Now that I’m travelling with another person, I’ve had some occasion to refine this view of what I like about being alone. It’s quite simple. I really just miss time for myself.

In our workshop, we stressed that travelling solo is not the best way to move for everyone, that one should be able and willing to be alone and that challenges can be all the more challenging if you have to face them for yourself. Now, I’d like to add the opposite perspective to this. Travelling with other people includes being around people a lot of your time, possibly all of it. In much the same way in which I use certain strategies to meet and socialise with people when travelling on my own, I need to develop ways to deal with people.

I’m not trying to say that I hate people (just look at all my rambles why I travel for people, not places), but I do struggle to secure my personal space, especially since this is sometimes seen as anti-social behaviour. If I didn’t have time on my own, I couldn’t write blog articles, I couldn’t even reflect the journey I’m on, and for me, this would mean only having loads of raw experiences while not learning from them.

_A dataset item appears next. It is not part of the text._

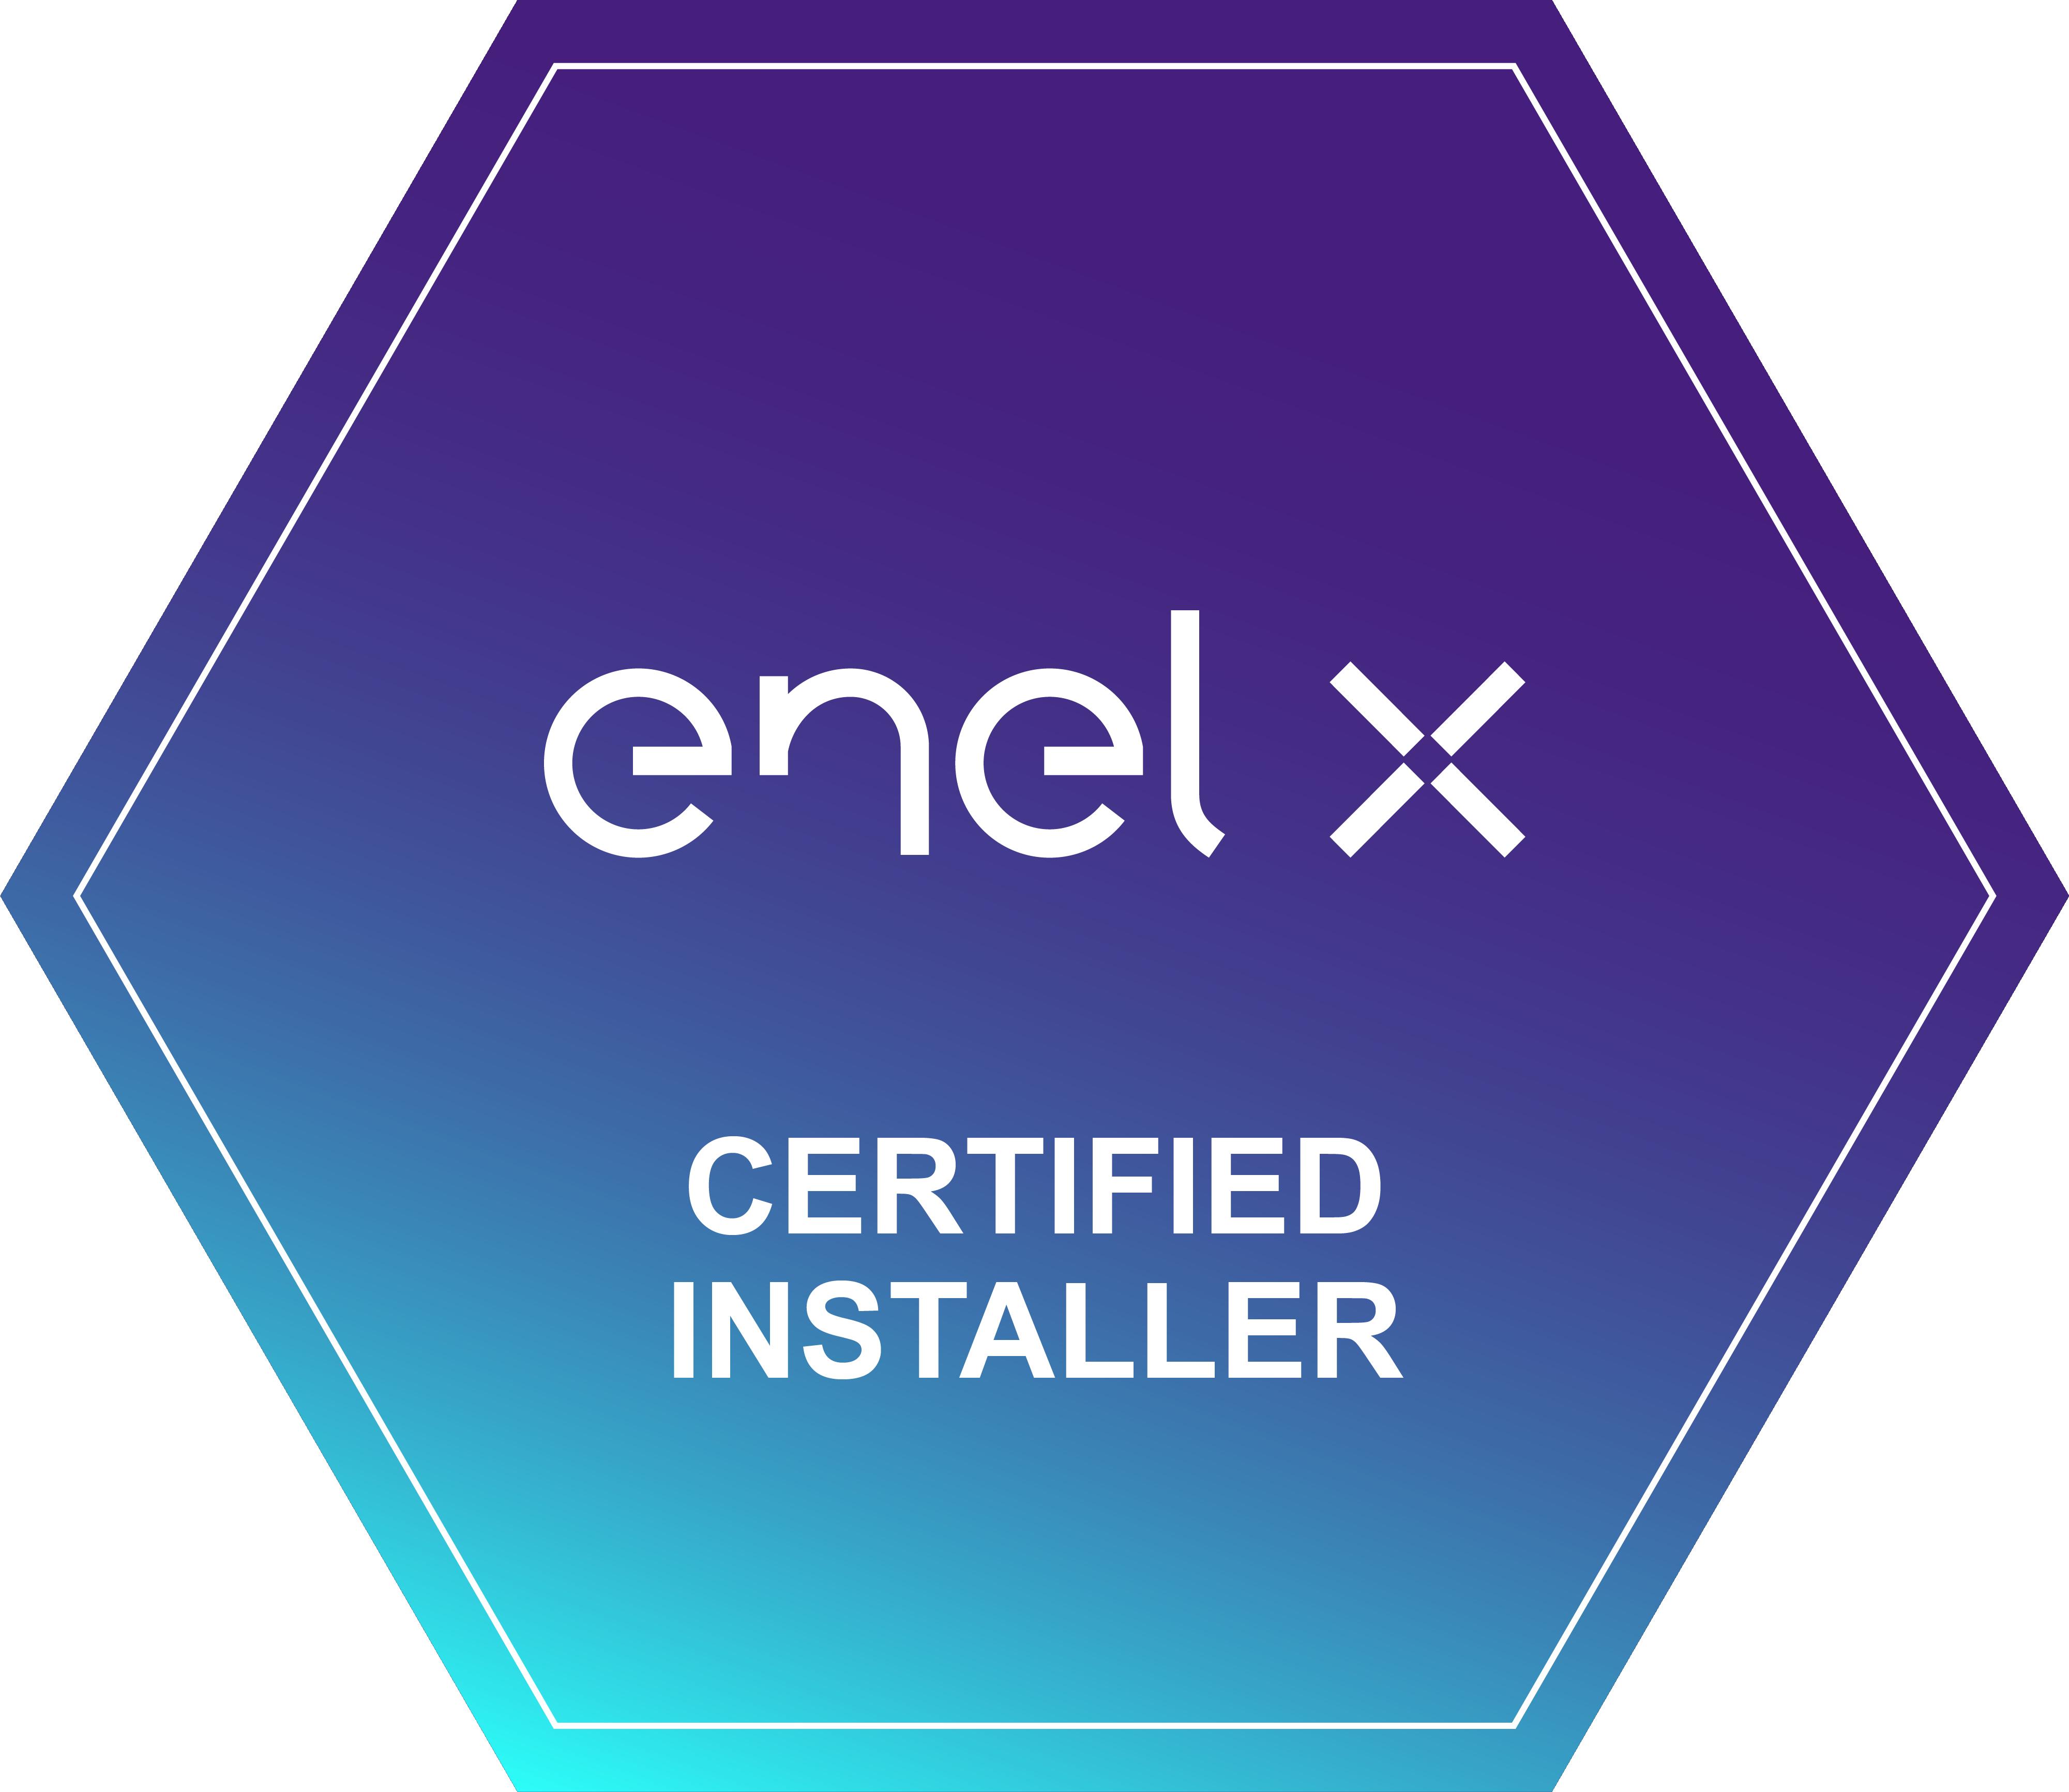 ENELX Certified
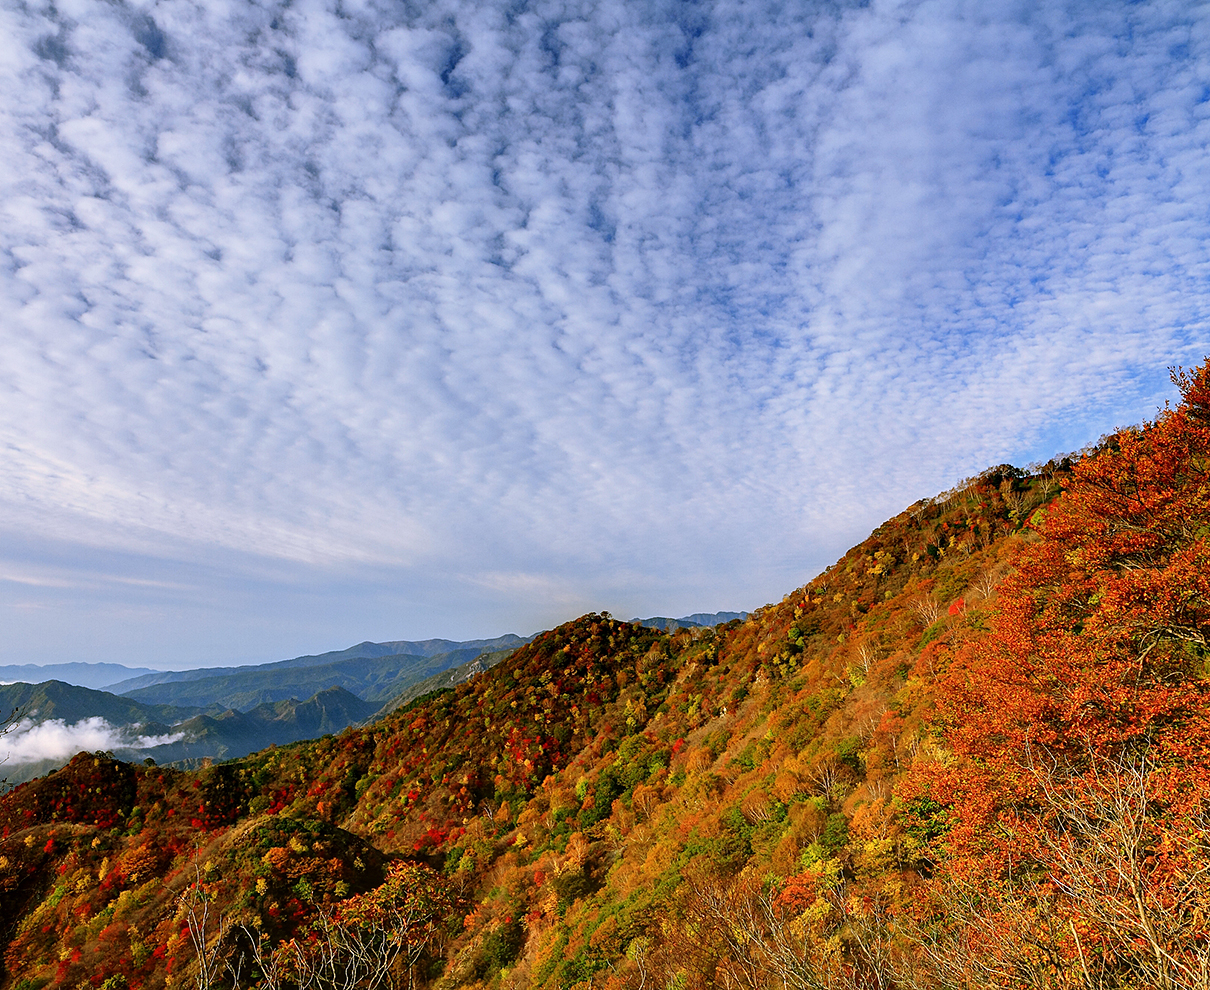 「冬型の気圧配置」と耳にしたら「雲画像」を要チェック! 気象予報士 二村千津子の風と雲

Another thing that this short reflection made me realise is that I must have started behaving like a long-term nomad. When I’m on the road, I’m not too fussed about exploring all the sights I could possibly fit into my schedule. By now, it seems more important to me to take that time for myself, read a book, chill, do some boring admin. Since I spend nearly half my time on the move, I shouldn’t be surprised about this.

It’s also no surprise that I found my first strategy for caring for myself. It’s above all realising my own needs, then communicating them. Boring, really. But it helped a lot. And it turned out that my friend was really looking forward to some time on her own, too.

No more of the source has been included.